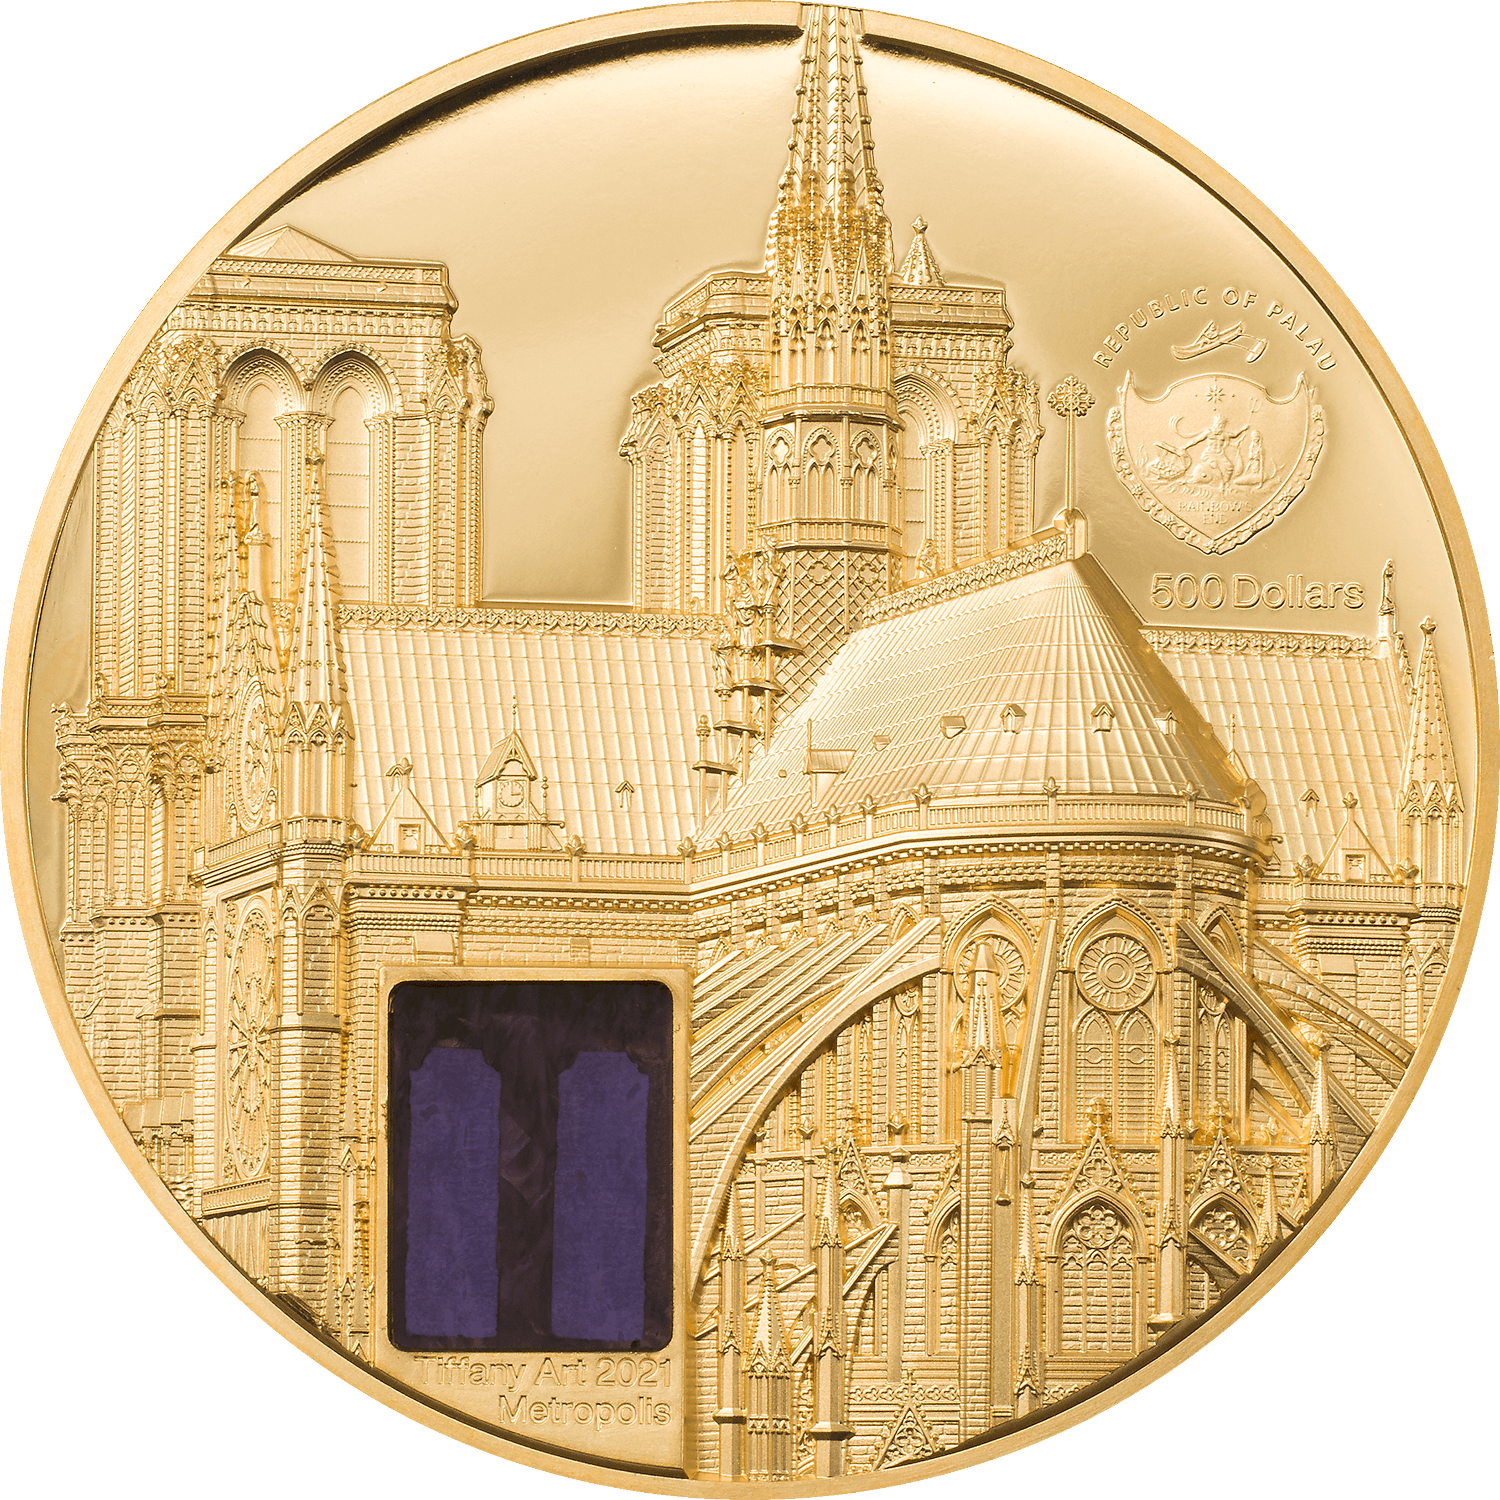 NOTRE DAME DE PARIS Tiffany Art 5 Oz Gold Coin $500 Palau 2021 - PARTHAVA COIN
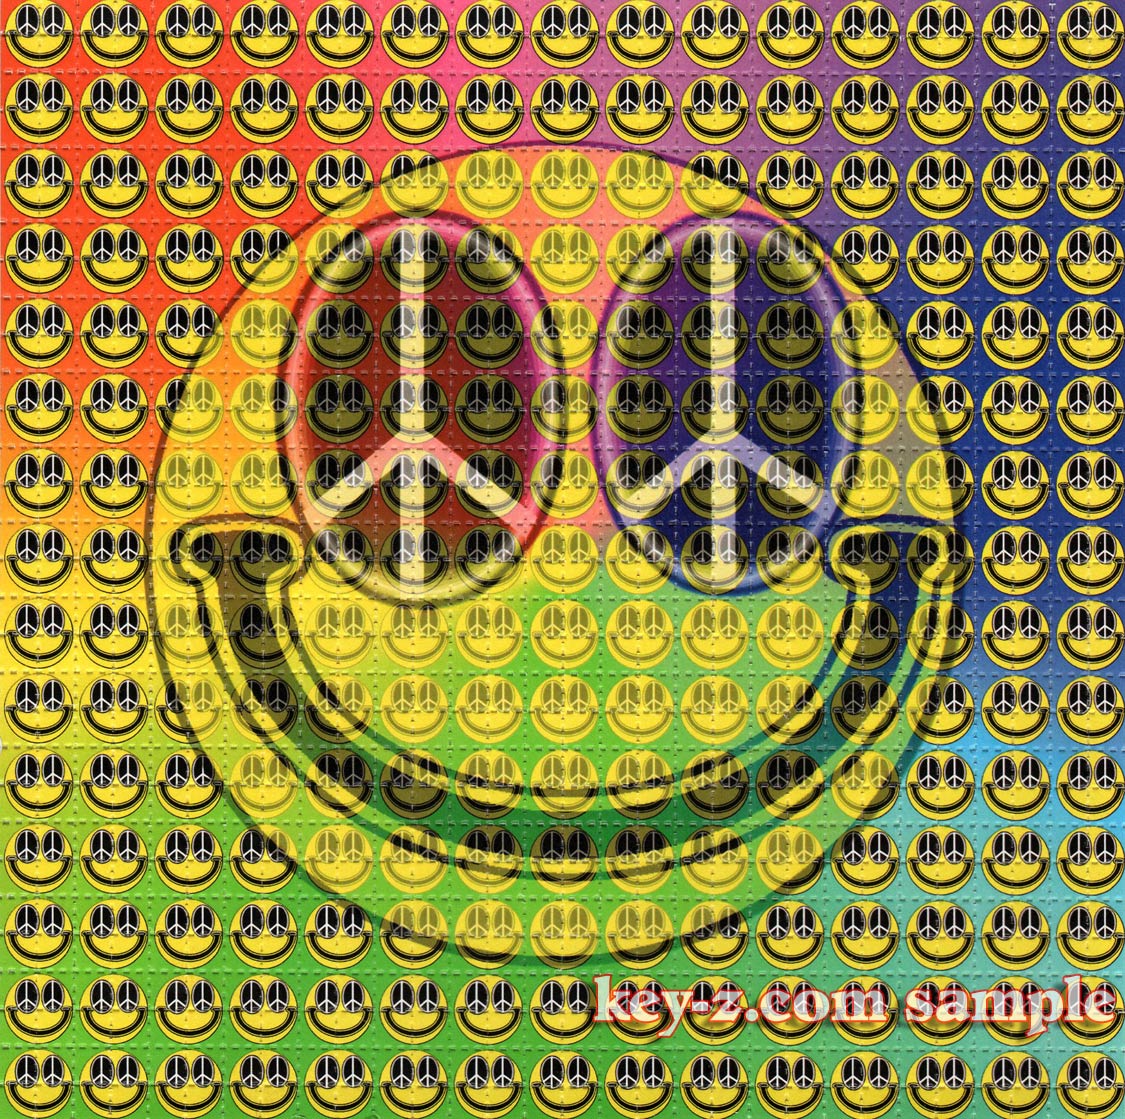 Smiley Peace LSD blotter art print
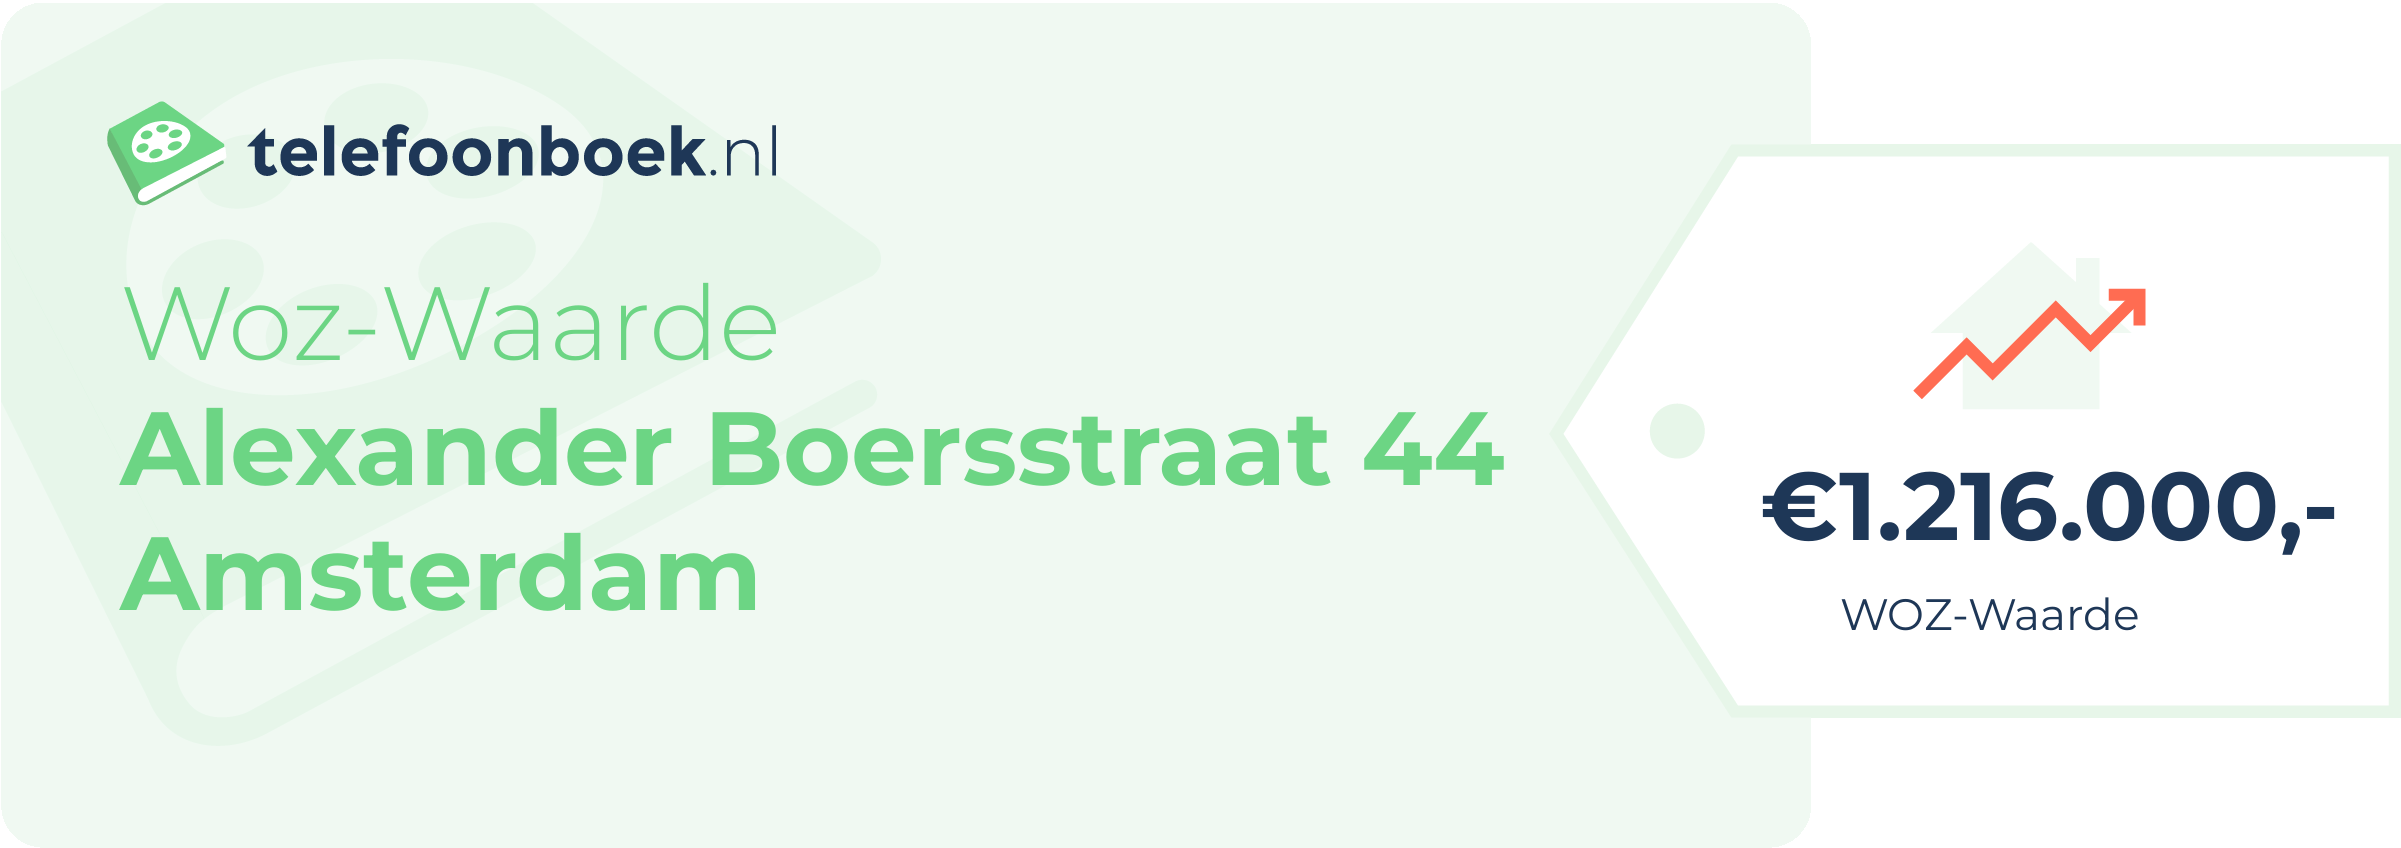 WOZ-waarde Alexander Boersstraat 44 Amsterdam
.....
TASK DIRECTIONS — The output should be the lines from the one with "Smiley Peace LSD blotter art print" through the end of the material above, both ends included, printed exactly and nothing else. Drop the pictures.

RESPONSE AREA —
 Smiley Peace LSD blotter art print
 WOZ-waarde Alexander Boersstraat 44 Amsterdam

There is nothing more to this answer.